The Whitechapel Murderer.

Managua, Nicaragua, via New Orleans, February 6. — Either Jack, the Ripper, of Whitechapel has immigrated from the scene of his ghastly murders or he has found one or more imitators in this part of Central America. People have been greatly aroused by six of the most atrocious murders ever committed within the limits of this city. The assassin has vanished and left no traces for identification. All the victims are women of the character who met their fate at the hands of the London murderers. They were found murdered just as mysteriously and evidences point to almost identical methods. Two were butchered out of all recognition. Even their faces were most horribly slashed and in the cases of all the others their persons were frightfully disfigured. Like Jack the Ripper’s victims, they were found in out of the way places. Two of the victims were possessed of gaudy jewelry and from that it is urged the mysterious murderer had not committed the crime for robbery.
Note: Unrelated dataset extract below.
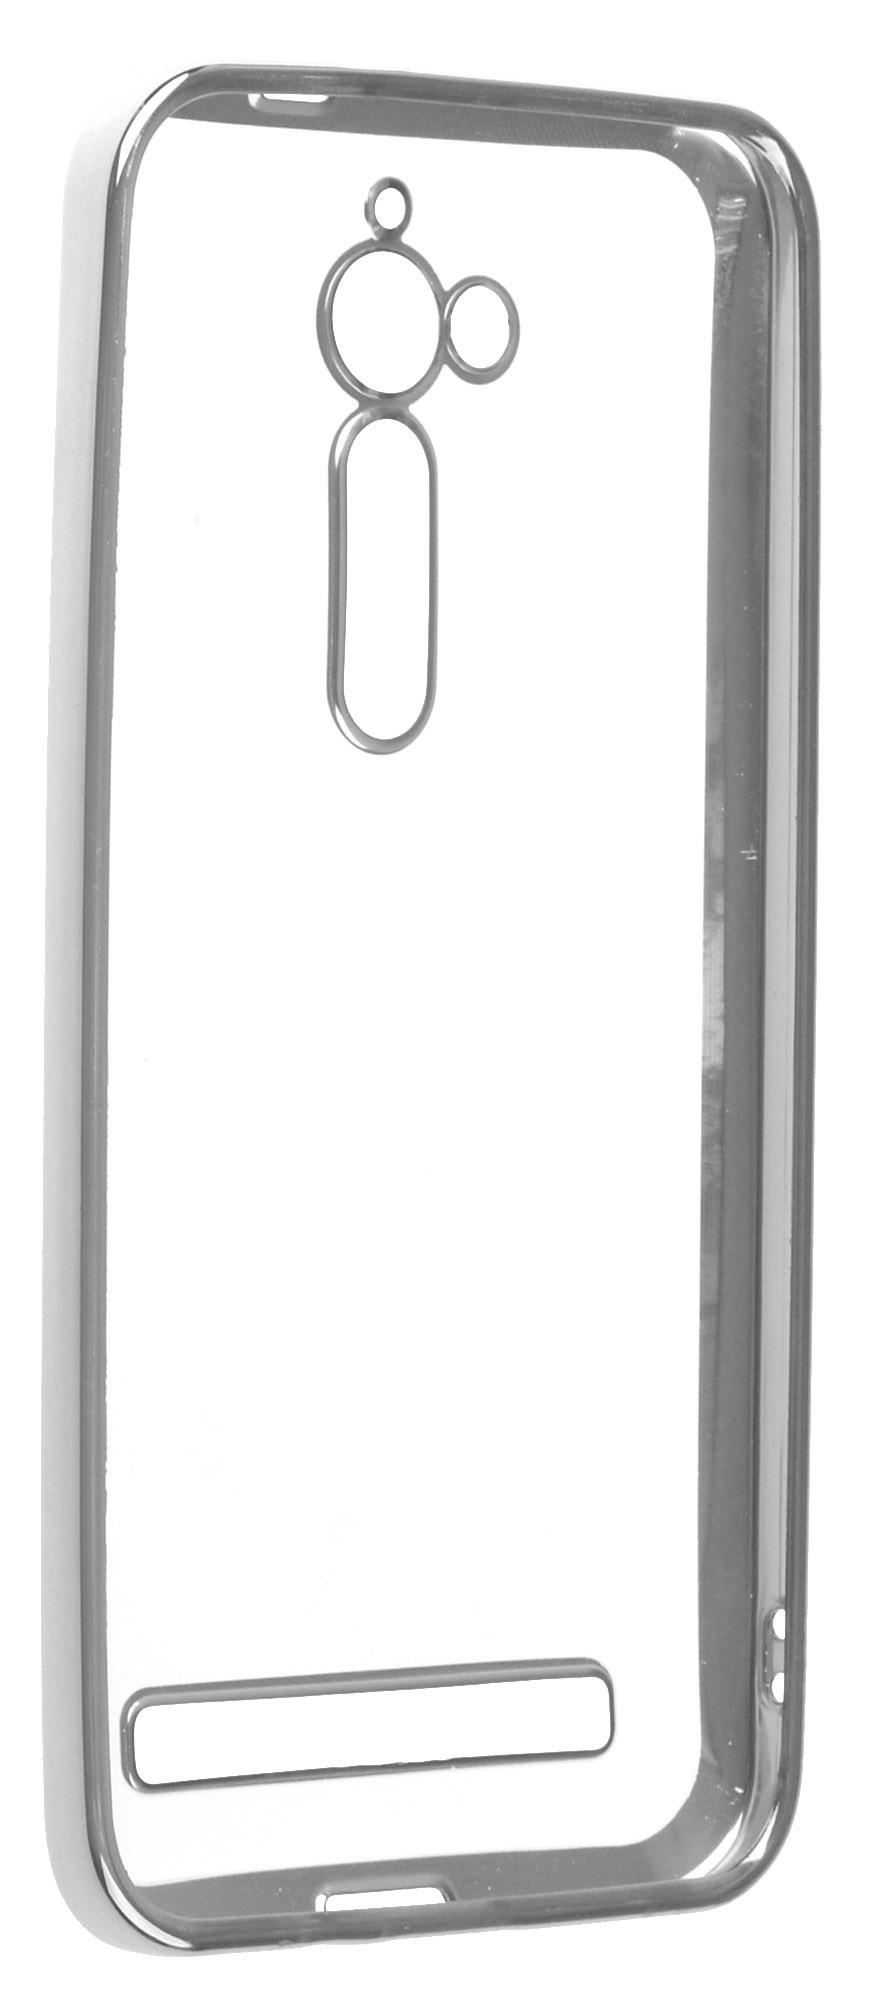 Чехол для сотового телефона skinBOX Silicone chrome border, 4660041408188, серебристый чехол для сотового телефона skinbox silicone chrome border 4630042524514 серебристый

In fact, in almost every detail, the crimes and their characteristics are identical with the Whitechapel horrors.

 

IS IT THE FOUL FIEND HIMSELF?

The citizens of Austin and those familiar with the celebrated servant girl murders here in 1885, will be specially interested in the dispatches from Central America which we print this morning. It gives an account of a series of murders of women, which the writer of the dispatch, a resident of Managua, Nicaragua, himself, states are exactly similar and their characteristics identical with those of the Whitechapel murders. It may be added also, in mystery similar to the Austin murders. The Managua telegrapher points to the circumstances that the assassin or assassins left absolutely no clue to their identity. The victims were all women of frail reputation. Their bodies were mutilated, especially were their faces cut. The dead bodies of all were discovered in out of the way places. Silence and mystery brooded over the crimes. There are characteristics of the Austin assassinations and of the Whitechapel murders. From the surrounding circumstances does it not seem possible that one and the same person, some wandering, bloody demon, who, after finishing his dreadful tasks, seems to vanish with supernatural skill — may be the author of some of the Austin homicides, the Whitechapel butcheries and the Central American assassinations?